6. Apoyo psicosocial. Psicoterapia de apoyo a los familiares y al


niño. Evitar la sobreprotección familiar.

Se recomiendan técnicas de relajación e hipnosis.

Solo se remitirán al psiquiatra aquellos niños en los que se haya


demostrado un componente emocional que agrave o desencadene sus
episodios alérgicos.

Tratamiento medicamentoso para las exacerbaciones o crisis agudas.


Una vez realizada una adecuada anamnesis y examen físico y con la total o
casi total seguridad de que se trata de un episodio de exacerbación del
asma, se procederá a clasificar su intensidad en ligera, moderada o severa
(según tabla 14.5).
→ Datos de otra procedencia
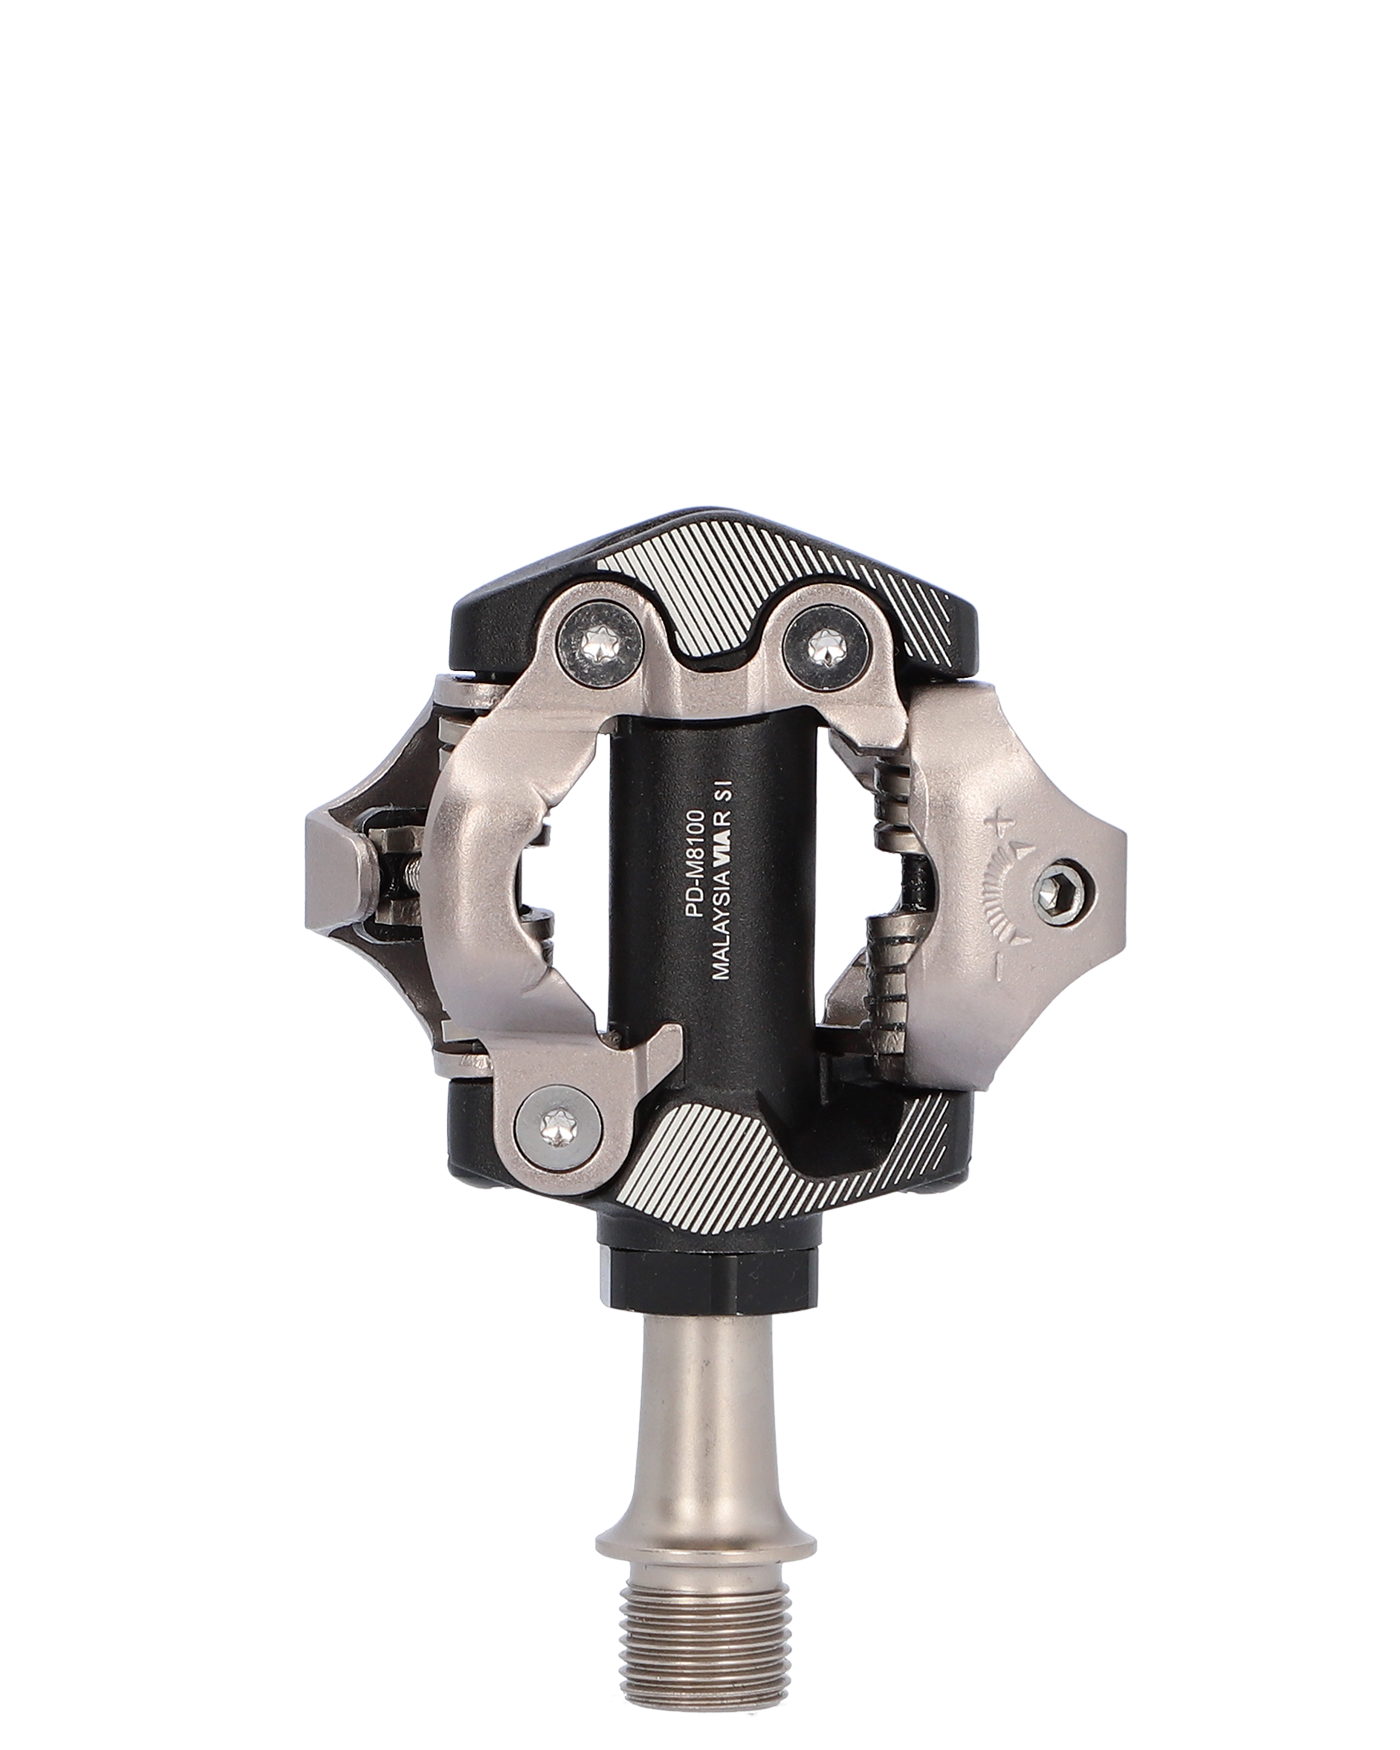 shimano deore xt pedals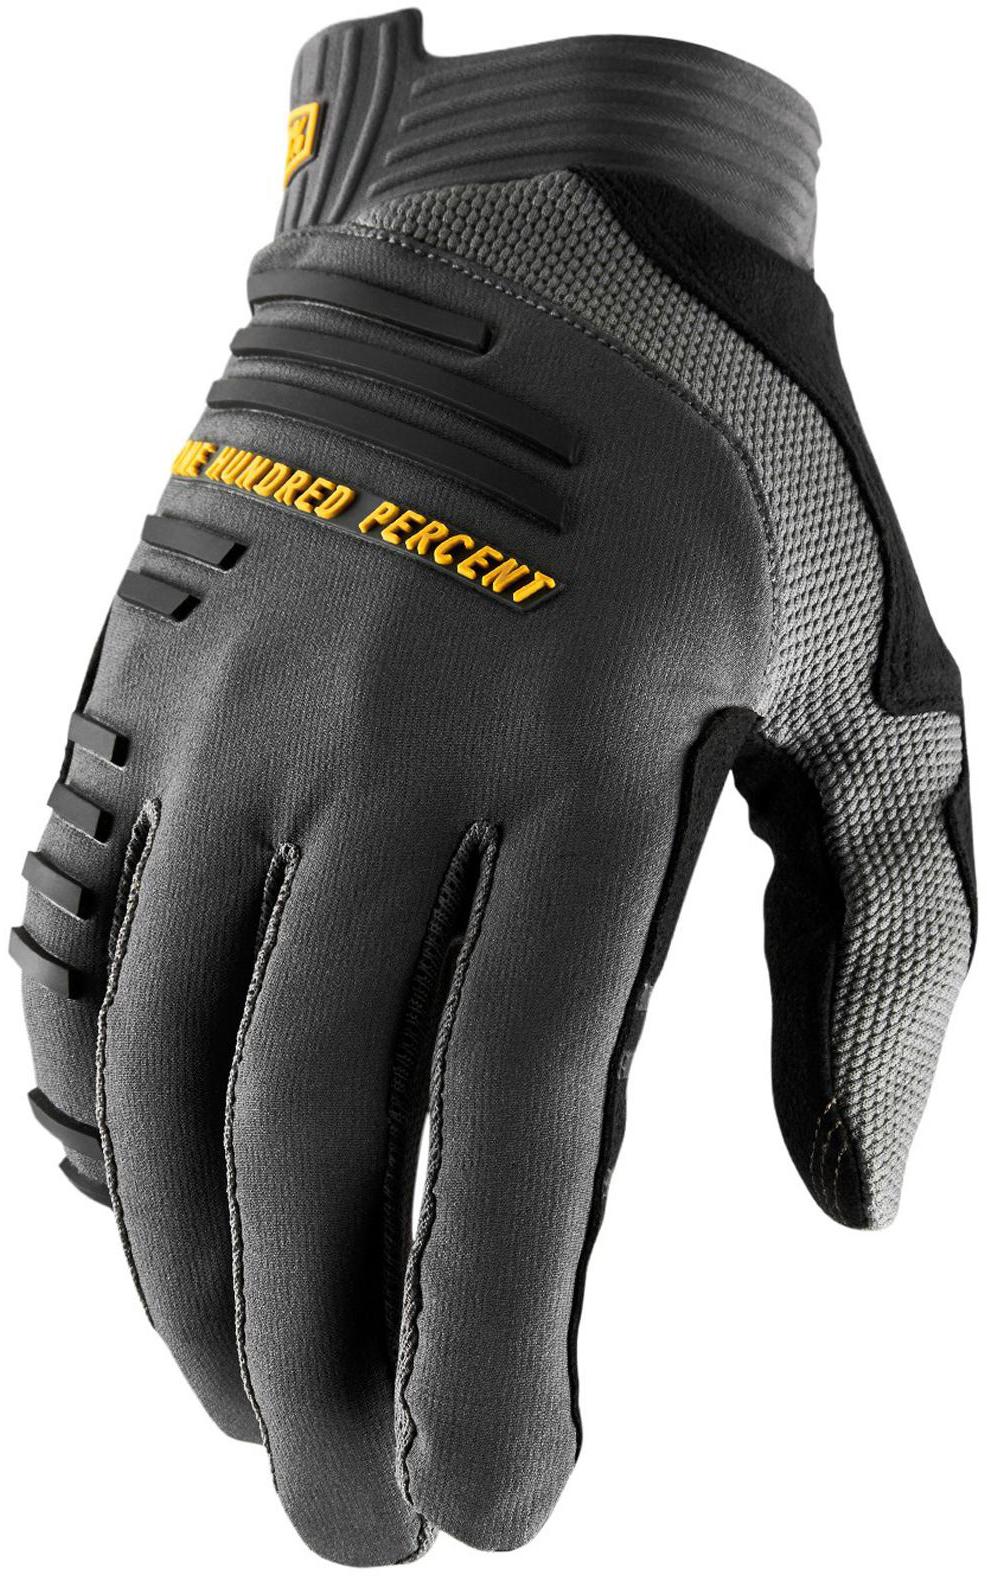 100% Cognito D30 Gloves - Xl Black/charcoal   Gloves

Una vez clasificada la severidad del episodio de
exacerbación que tenga el paciente, se le realizará el tratamiento, que
variará según la intensidad del cuadro clínico:

1. Episodios ligeros:

a) Comenzar con broncodilatadores:

− Estimulantes ß-2 agonistas de acción rápida, medicamentos


llamados ß-2 miméticos selectivos, por su actuación sobre estos receptores,
producen la relajación del músculo bronquial. El método de aplicación
ideal es el inhalado, siempre que exista un entrenamiento adecuado para su
administración. Los más usuales son el salbutamol y la terbutalina. En
nuestro país el más empleado es el salbutamol 0,5 % en dosis de 0,1 a 0,3
mg/kg/dosis, en forma de nebulizaciones con 3 o 4 mL de suero fisiológico,
previa oxigenación del paciente, si no podemos medir la saturación de
oxígeno.

Otra forma efectiva de administrarlo es usando el salbutamol (MDI)


con cámara espaciadora 0,3 puff/kg de peso, máximo 10 puff en los
adolescentes. Como promedio 2 puff cada 6 h.

Los anticolinérgicos (bromuro de ipratropio) pudieran ser usados en


los pacientes que no mejoran con los ß-2 agonistas o en las crisis de 200 a
500 µg/dosis junto con los ß-2 adrenérgicos.

− Utilizar teofilina: se puede indicar por v.o. cada 6-8 h de comienzo


a 5 mg/kg/dosis. Se reducirá la dosis a la mitad si se ha utilizado teofilina
en las últimas 8 h o teofilina de liberación lenta en las últimas 24 h.

b) Hidratar al paciente por la vía oral.

c) Sacar al paciente del medio donde pueda haber agentes


precipitantes de las exacerbaciones.

d) Nunca aplicar antibacterianos, excepto frente a una crisis


desencadenada por infecciones bacterianas.